Content starts

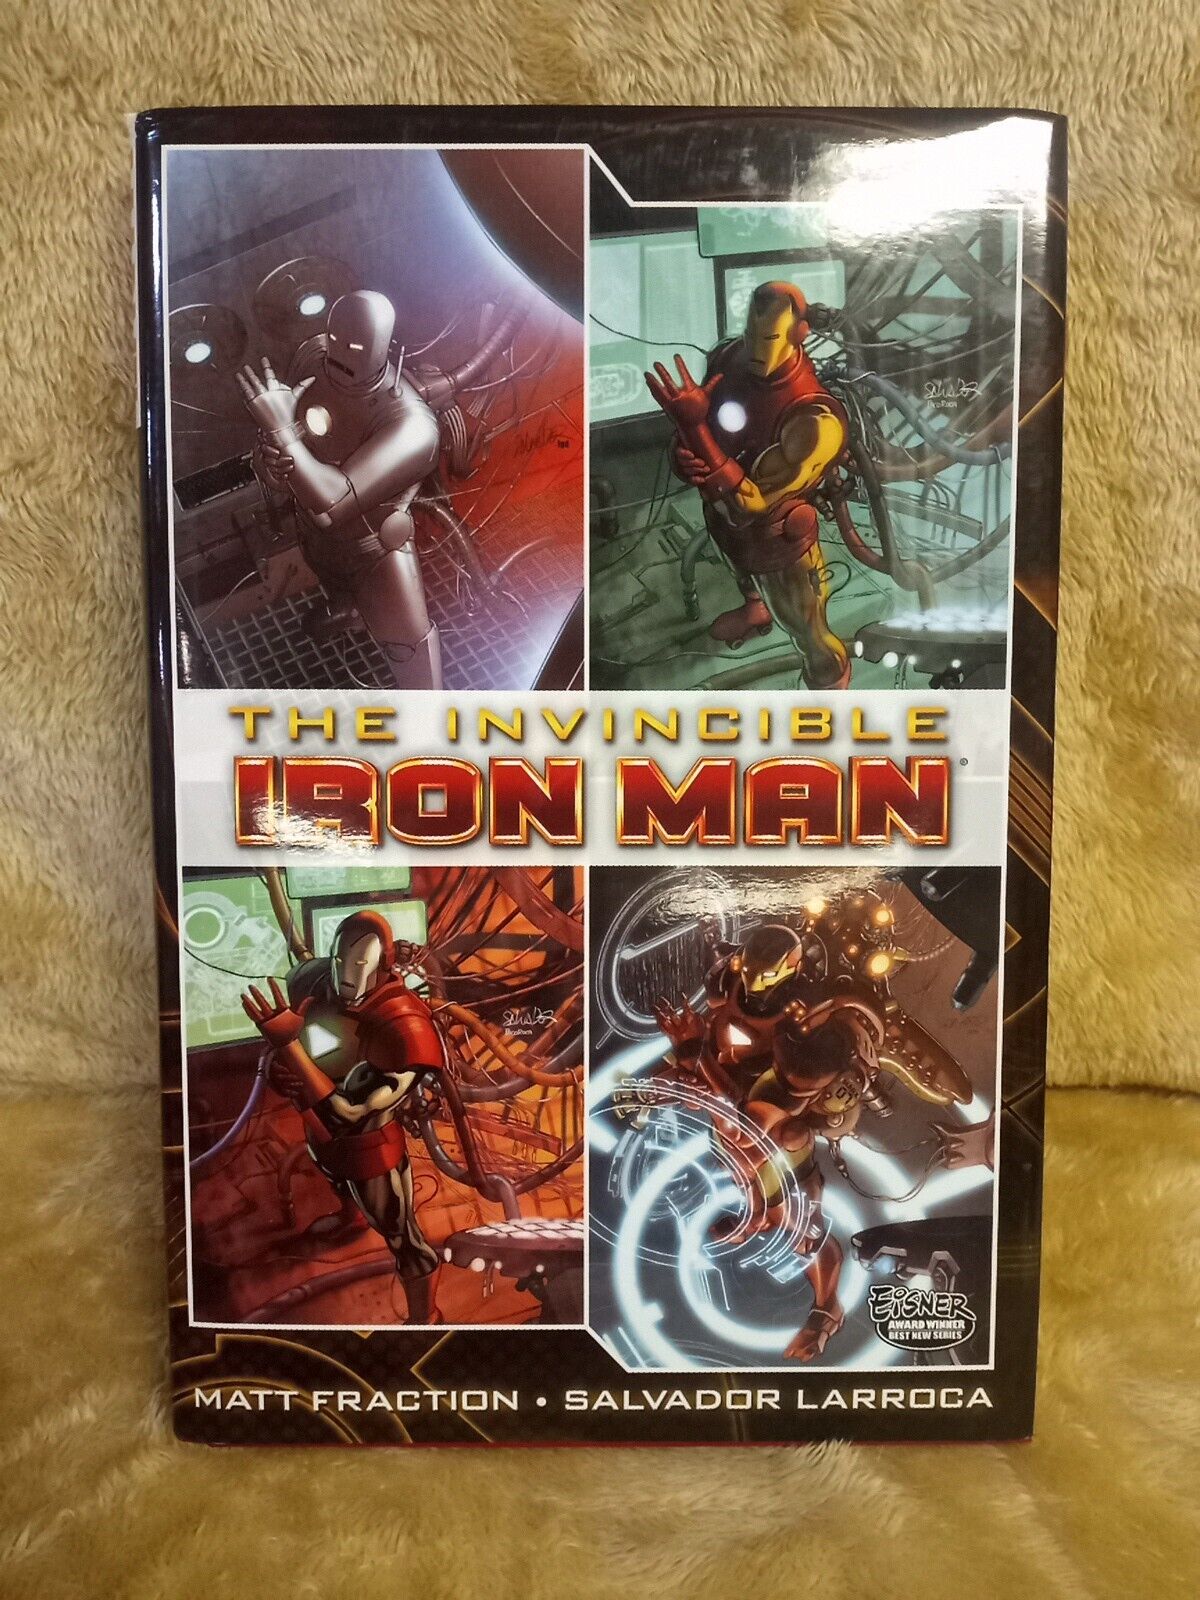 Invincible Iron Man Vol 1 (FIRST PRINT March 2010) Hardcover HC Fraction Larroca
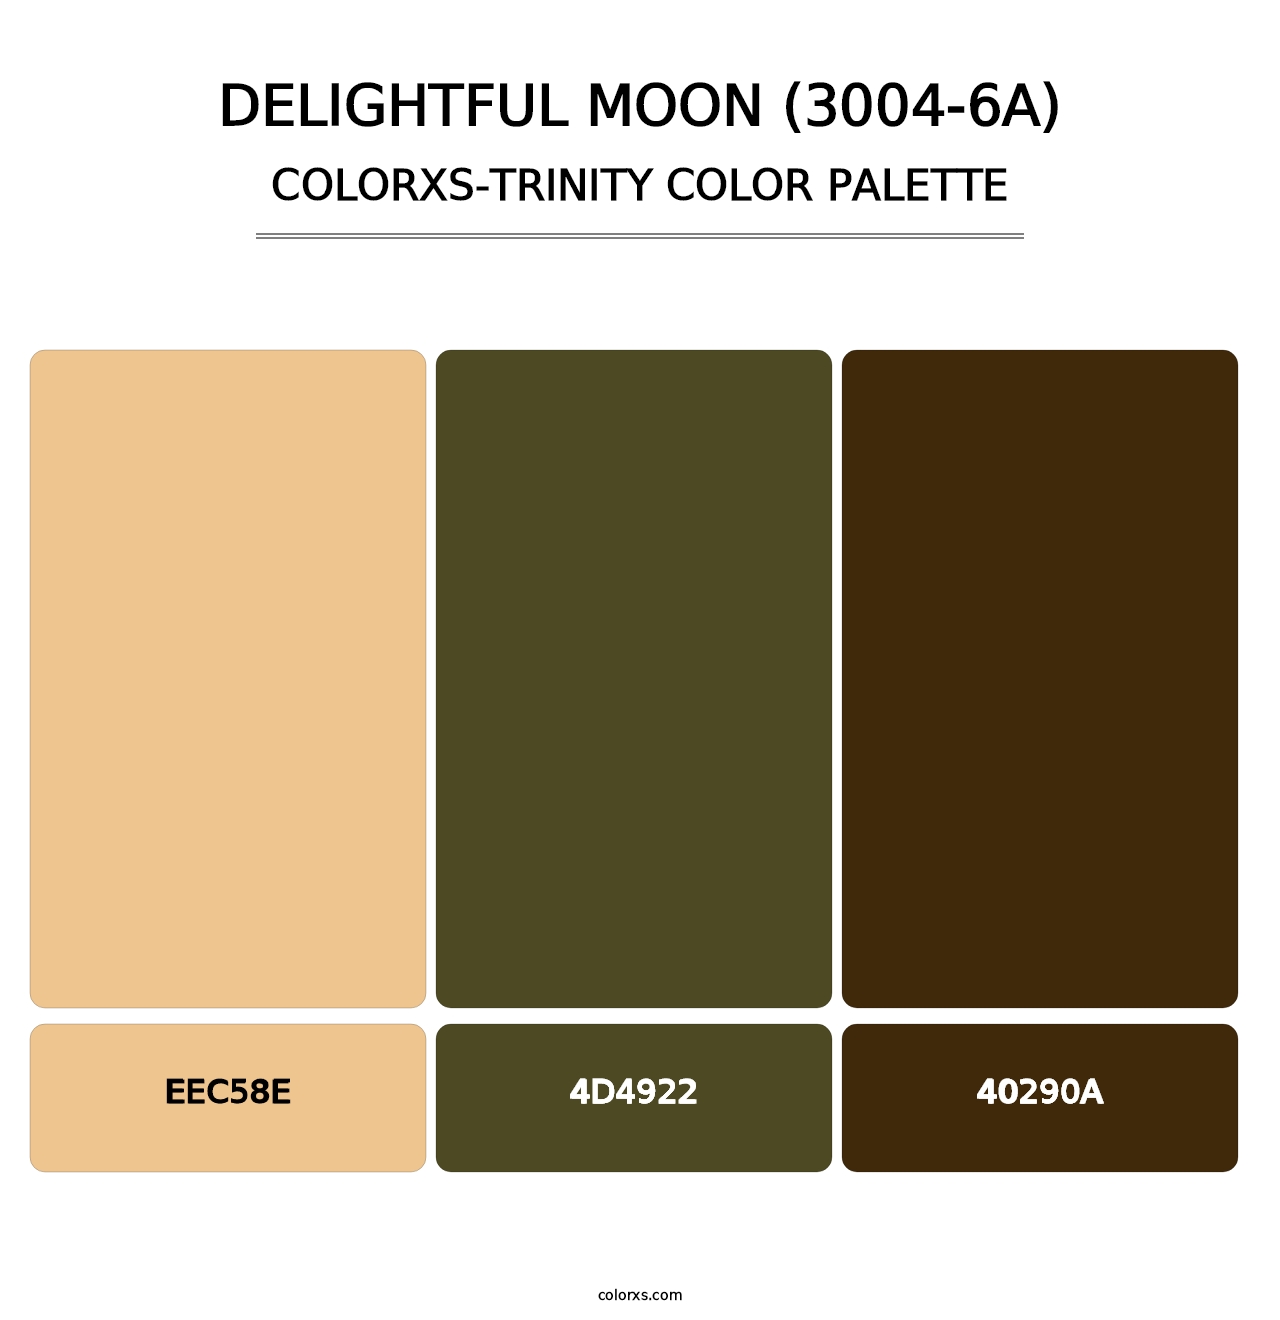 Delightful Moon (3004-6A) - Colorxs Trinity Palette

Content ends
Content starts

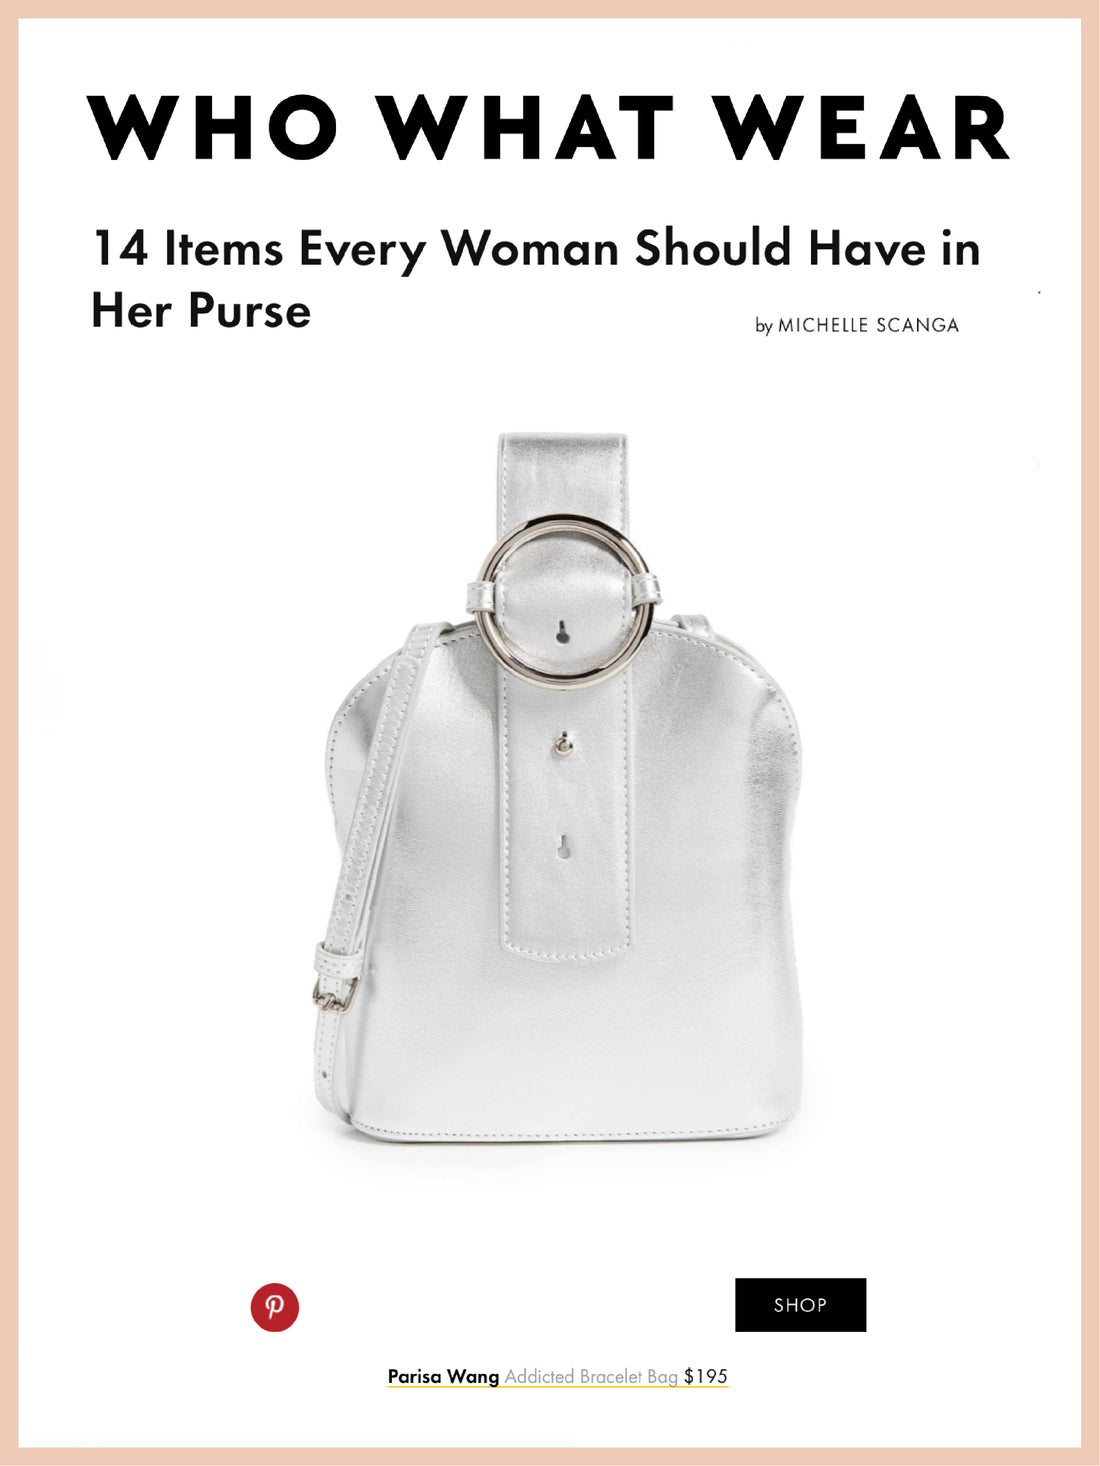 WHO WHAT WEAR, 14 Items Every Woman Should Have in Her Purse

Content ends

Go down the entries above from the line containing "Invincible Iron Man" to the line containing "Delightful Moon (3004-6A)" and write out each line exactly, leaving pictures out.

(Solution to this exercise):
 Invincible Iron Man Vol 1 (FIRST PRINT March 2010) Hardcover HC Fraction Larroca
 Delightful Moon (3004-6A) - Colorxs Trinity Palette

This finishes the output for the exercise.